In the last edition of Word Matters, I discussed readability on the web and why it matters. To recap, readability on Extension’s website is about making online content clear and easy to understand in order to engage our audiences across Minnesota.

Practice Good Writing

So, how do you achieve readability on the web? It starts with using good writing practices to create your content. Those practices include revising your draft, maybe more than once. They also include asking some impartial reviewers to ensure your text is well organized, free of information gaps, and understandable to readers unfamiliar with your topic. Breaking things down further, you can improve readability by doing four key things in your writing:
  • Break your text into short paragraphs, usually 2 to 3 sentences, and rarely more than 5. 
  • Keep your sentences short, preferably no more than 25 words. As a point of reference, the first sentence of this column has 17 words. The second sentence has 24 words.
  • Write in active voice, not passive. For example, write “Cindy hit a home run,” not “A home run was hit by Cindy.” Sentences in the active voice are almost always shorter (as well as more energetic and compelling).
  • Choose short words over long ones with many syllables.
Yes, I know — that last rule is a tough one, especially when reporting research findings or describing program goals. I’ve found eliminating multi-syllable words a significant challenge to improving the readability of my own writing. Even words we must use, like “University,” pile up the syllables.

But problems posed by these “necessary” multi-syllable words at Extension make it even more important to use short words — and eliminate unnecessary phrases — in other instances. For example, write “use” instead of “utilize.” Or “now” instead of “at the present time.” Or “start” instead of “commence.” You get the idea. Remember, simple does not mean dumb, and complex does not mean smart.

As for technical terms, avoid them whenever possible and think of a simpler way to say something. But sometimes it’s important for your audience to know a term, such as “overindulgence,” and using it saves a lot of words overall. In this case, always define the technical term in first reference for readers who don’t know your field like you do. Then you can repeat the technical term as needed through the rest of your text.

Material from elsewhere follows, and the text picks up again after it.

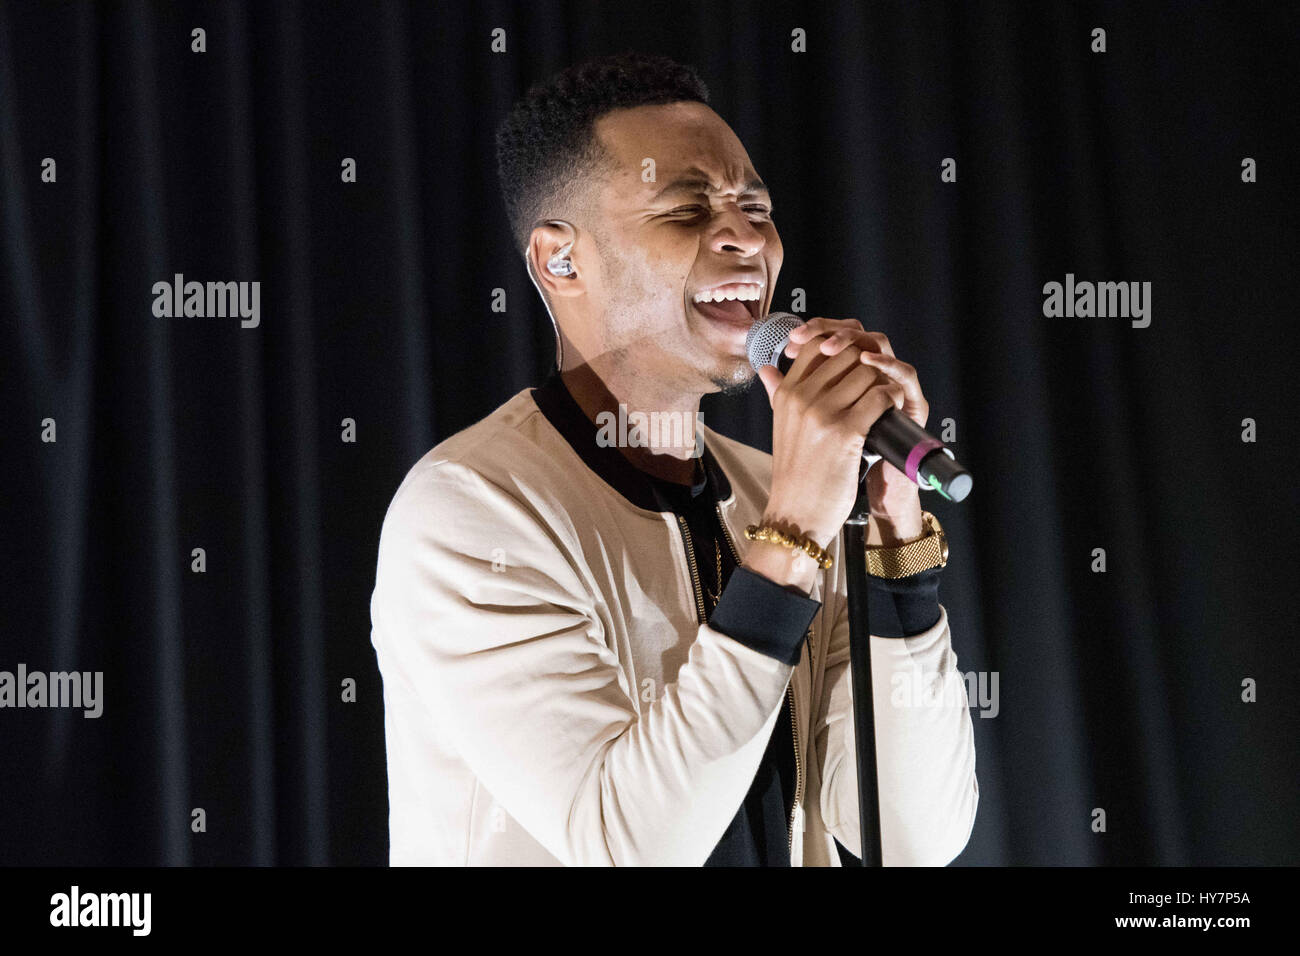 Philadelphia, Pennsylvania, USA. 1st Apr, 2017. R&B singer and Motown recording artist, KEVIN ROSS, performs at the WDAS Women of Excellence Award Luncheon held at the Sheraton Hotel in Philadelphia Pa It's theÂ 3rd Annual WDAS Women of Excellence Luncheon presentedÂ by Gwynedd Mercy University. Credit: Ricky Fitchett/ZUMA Wire/Alamy Live News Stock Photo

Check Readability with Microsoft Word

Finally, use the tools at your fingertips to improve the readability of your web content, such as Microsoft Word’s “Readability Statistics” tool. This tool provides valuable information about your text, including the number of passive sentences, its reading ease per the Flesch scale, and its grade level per the Flesch-Kincaid scale.

Here's how to do it:
  • Enable the readability statistics tool in MS Word’s “Spelling & Grammar” check. 
  • Run the spelling and grammar check on your Word document. 
  • After going through that check, you'll get a dialogue box indicating that your spelling and grammar check is complete. Click "OK" and another dialogue box with readability statistics will appear.

screenshot of Microsoft Word readability statistics
Meta enough for you?

In general, FD aims for a 6th grade level for participant materials and 8th grade for text aimed at partners. If those sound low to you, remember what I said in the previous column about readers skimming and scanning web pages. They don’t like long sentences or “big” words (without an explanation anyway). And, as Youth Development Web Manager Ann Nordby says, “Even college-educated readers don’t want to read at a college level all the time.”

Just Try

All this said, even after following these tips, you might not hit the 6th and 8th grade marks every time. The point is to just try. Your audiences will thank you for it.

Editor's note: This column was updated on April 19, 2017 to add more detail about using Microsoft Word's Readability Statistics tool.